** WORK TO BE COMPLETED **
Strip out all images, then restate the data verbatim.

** DATA BLOCK **
★ ★ ★ ★

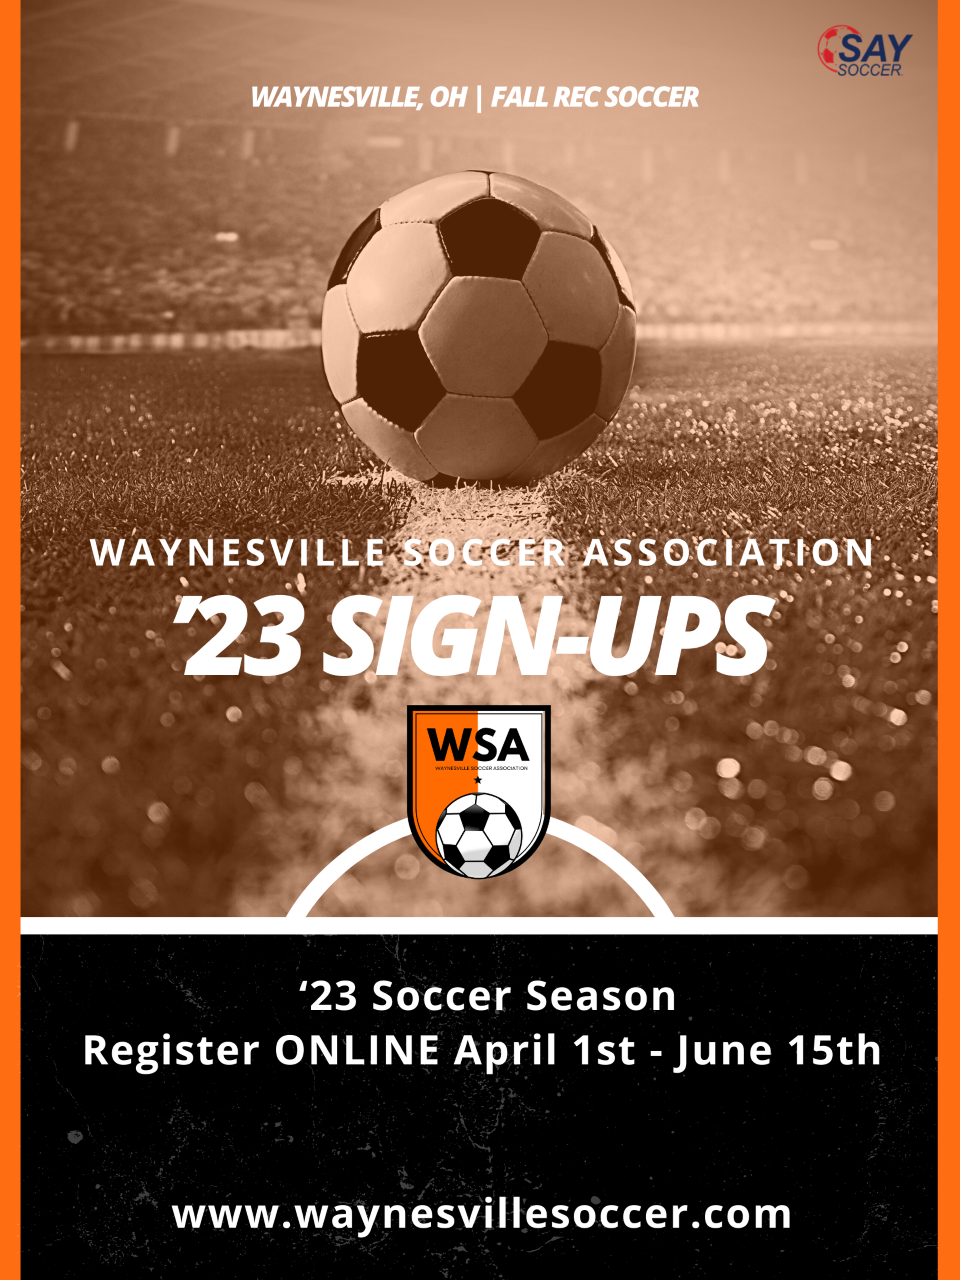 Waynesville Soccer Association flyer
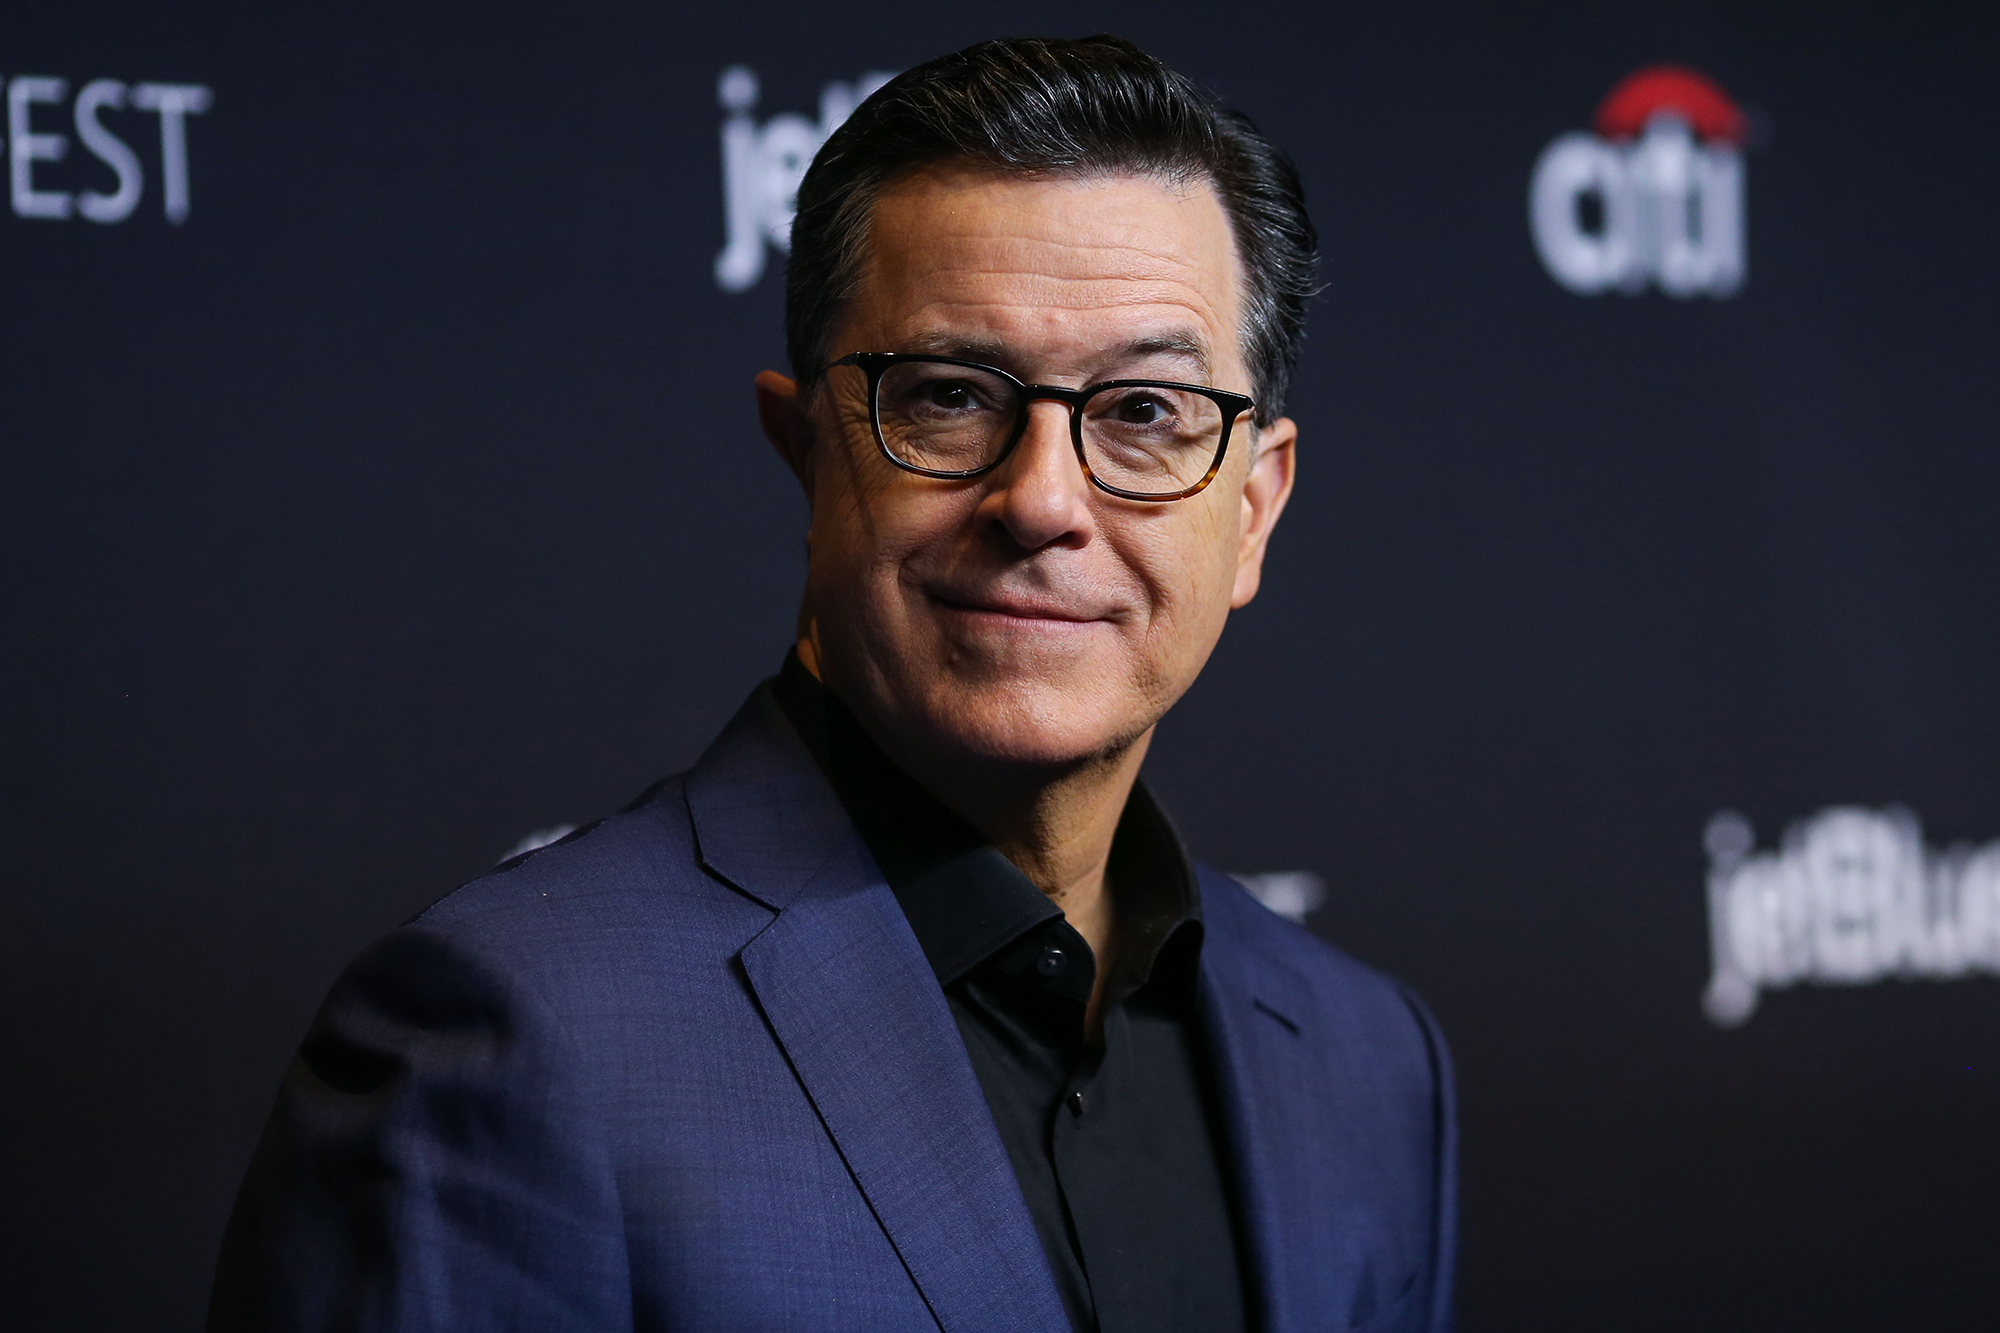 2019 PaleyFest LA - CBS's 'An Evening with Stephen Colbert'
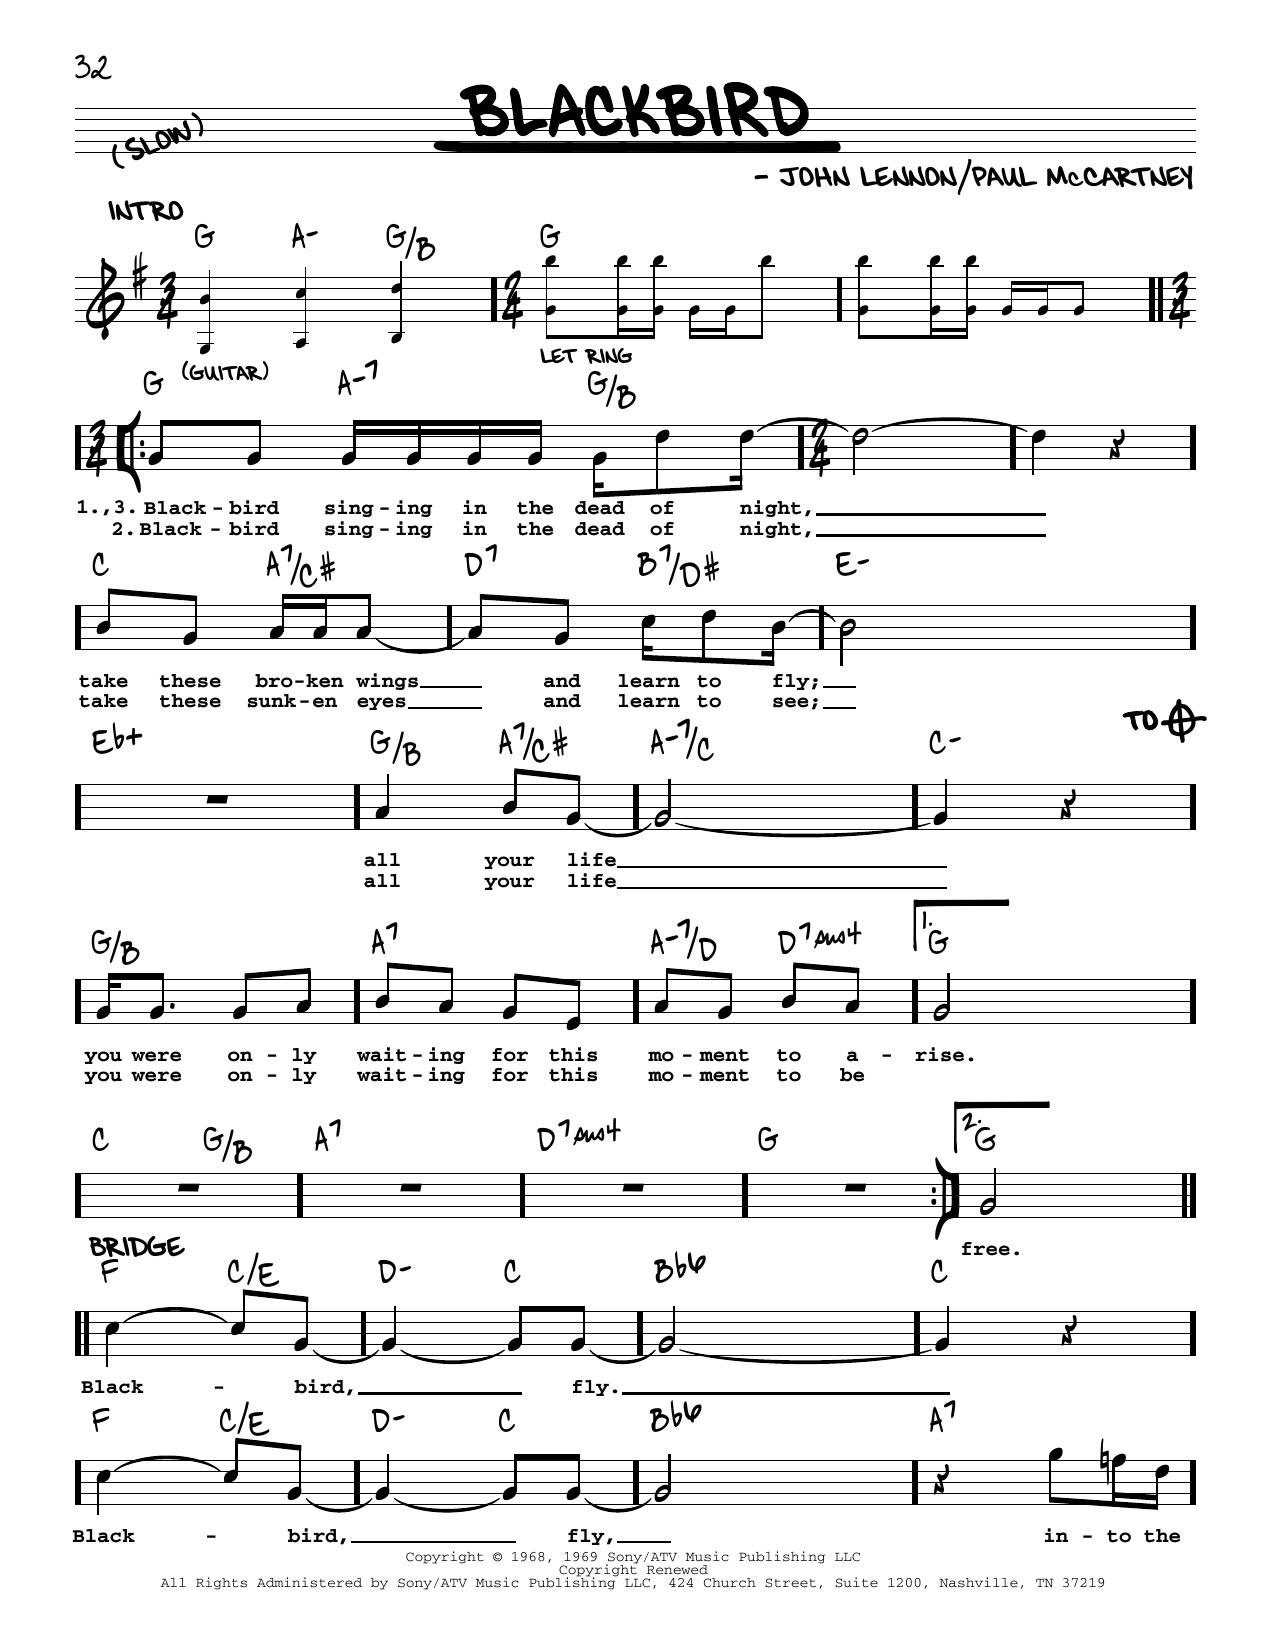 The Beatles Blackbird [Jazz version] Sheet Music Notes & Chords for Real Book – Melody, Lyrics & Chords - Download or Print PDF

★ ★ ★ ★

** TASK OUTPUT **
 Waynesville Soccer Association flyer
 2019 PaleyFest LA - CBS's 'An Evening with Stephen Colbert'
 The Beatles Blackbird [Jazz version] Sheet Music Notes & Chords for Real Book – Melody, Lyrics & Chords - Download or Print PDF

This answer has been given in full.